In order to ensure accurate forecasting, it is essential to validate several assumptions:

  1. Testing for Autocorrelation in Residuals: To assess autocorrelation, we utilize the Box.test() function. A p-value greater than 0.05 is indicative of accepting the null hypothesis (H0) that there is no autocorrelation in the forecast errors.
Box.test(x= Arima_test$residuals)
## 
##  Box-Pierce test
## 
## data:  Arima_test$residuals
## X-squared = 0.023826, df = 1, p-value = 0.8773

Insight With a p-value exceeding 0.05, we conclude that the residuals exhibit no autocorrelation or accepting the null hypothesis.

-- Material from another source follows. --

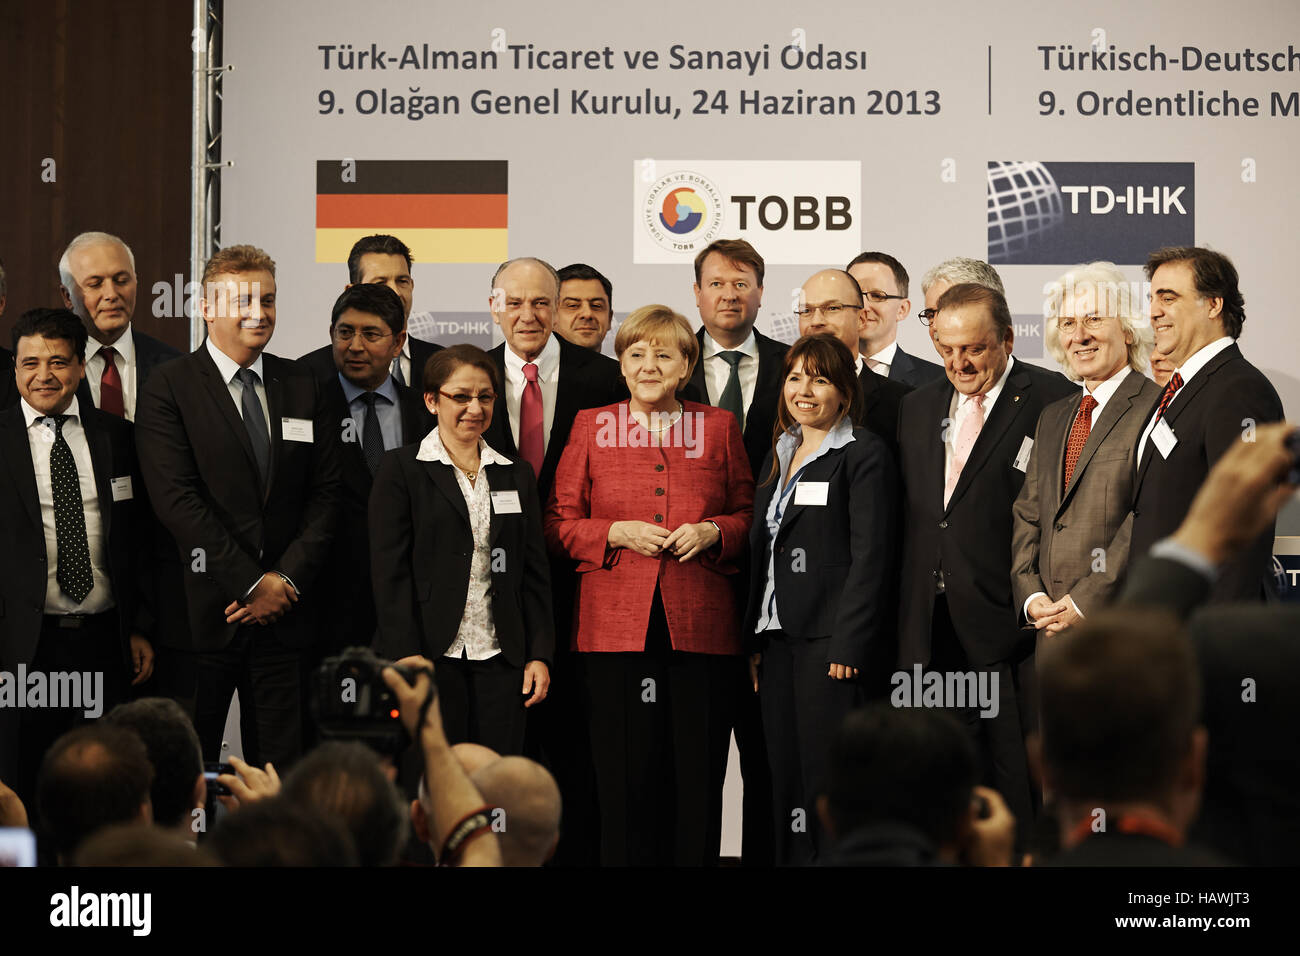 Merkel discorso presso il TD-IHK Assemblaggio Foto Stock

  1. Assessing Normality of Residuals: The shapiro.test() function is employed to examine normality, aiming to confirm H0 when the p-value exceeds 0.05.
shapiro.test(Arima_test$residuals)
## 
##  Shapiro-Wilk normality test
## 
## data:  Arima_test$residuals
## W = 0.99506, p-value = 0.002019

Insight Given a p-value below 0.9, it is evident that the residuals do not conform to a normal distribution. It is important to note that the Shapiro test solely evaluates the deviation of residual distribution from normality, without addressing forecast performance, which may deteriorate with longer forecast periods. To forecast longer-term data, additional data should be incorporated into the model.

In conclusion, based on the Seasonality Analysis, it is evident that Saturday at 8:00 PM experiences the highest influx of visitors.